I reckon that's blimmin' brilliant for a first go....here's my second attempt (still a bit out of focus...I don't think my compact can focus very well in low light levels)...this is a compact with limited settings, not a DSLR (was yours with a DSLR?)


----------



## PaulBoy (Dec 2, 2007)

As Rog says that's a top effort for a first go! - I don't get them that good after many attempts - The Omegas always had great lume though so that is cheating









Cheers

Paul


----------



## HappyLad (Oct 28, 2009)

Cheers

Camera is a Canon EOS550D DSLR :thumbsup:

I bought it a few weeks ago, and I'm still trying to find my way round the controls etc..


----------



## Chromejob (Jul 28, 2006)

Excellent shots on that Omega.
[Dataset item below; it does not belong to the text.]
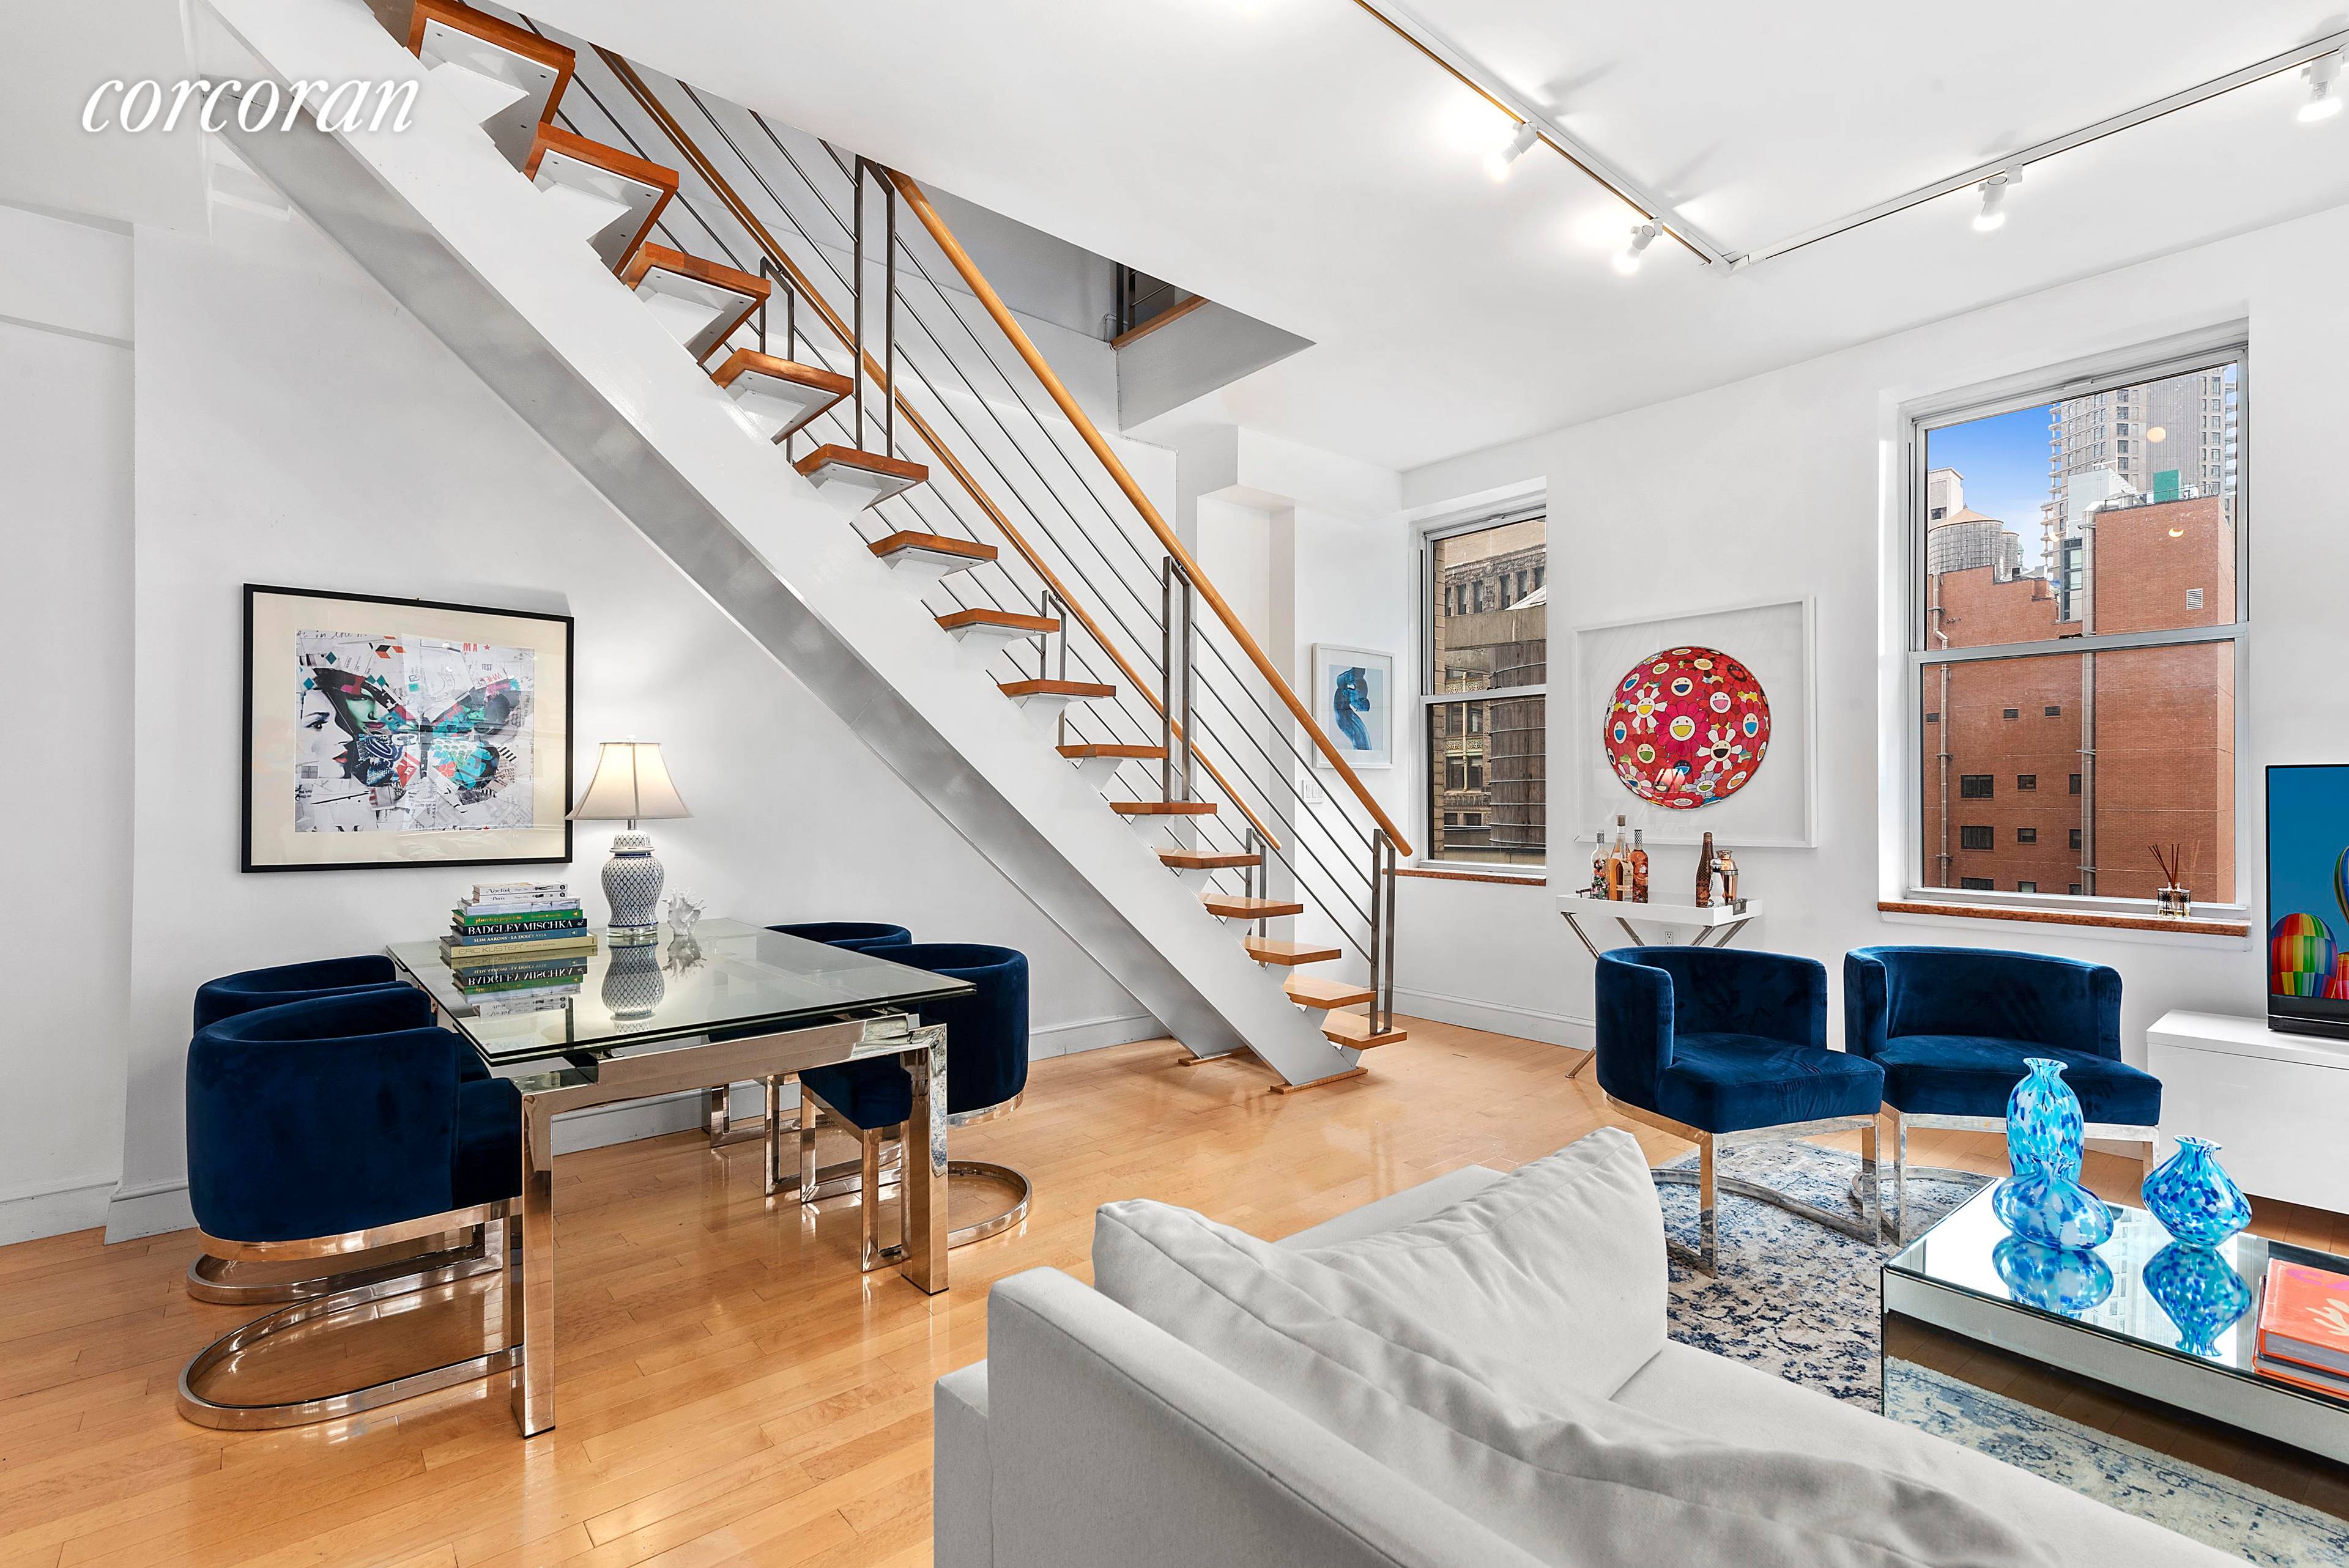 A home in the sky, this sublime duplex at Liberty Tower, 55 Liberty Street, New York NY 10005, feels like a townhouse.

I suspect that you've discovered that a tripod[1] is essential equipment, more so than a black light. I also use a 2-second timer, so that I don't shake the camera when the shutter goes off.

To hack to not to hack,that is the question.... You get a steady second hand, but the shot has the dive watch with, um, "its zipper undone." A matter of taste. I guess I'm lucky that my Fuji on full auto still does a fast shutter speed in low-light conditions.

[1] I got a full size tripod for Christmas, but for close, tabletop watch work I rely on my REI UltraPod II for 95% of my shots. It's meant for outdoors work (has a velcro strap with which you can fix it to a branch or boulder), but it is superb for quick, macro shots of small items and underwear. And ... woah ... they have seconds on sale for 1/2 price -- I'm getting two more! Trust me, this thing is rugged, stable, and very easy to use in a pinch.


----------



## minkle (Mar 17, 2008)

HappyLad said:


> Tried capturing the lume on my Planet Ocean.
> 
> Came out better than I thought for a first attempt. One thing I've learned - hack the movement to stop the second hand blur...


Great shots, second hand blur is cool.


----------



## Guest (Sep 1, 2010)

minkle said:


> HappyLad said:
> 
> 
> > Tried capturing the lume on my Planet Ocean.
> ...


x2 I think the second hand blur adds something.


----------



## tcj (May 21, 2010)

great shots.taken me a week to learn how to post pics.i will prob. take me another to get some decent straight forward shots although i have been on photo forum and picked some good tips up from pg tips.well done.


----------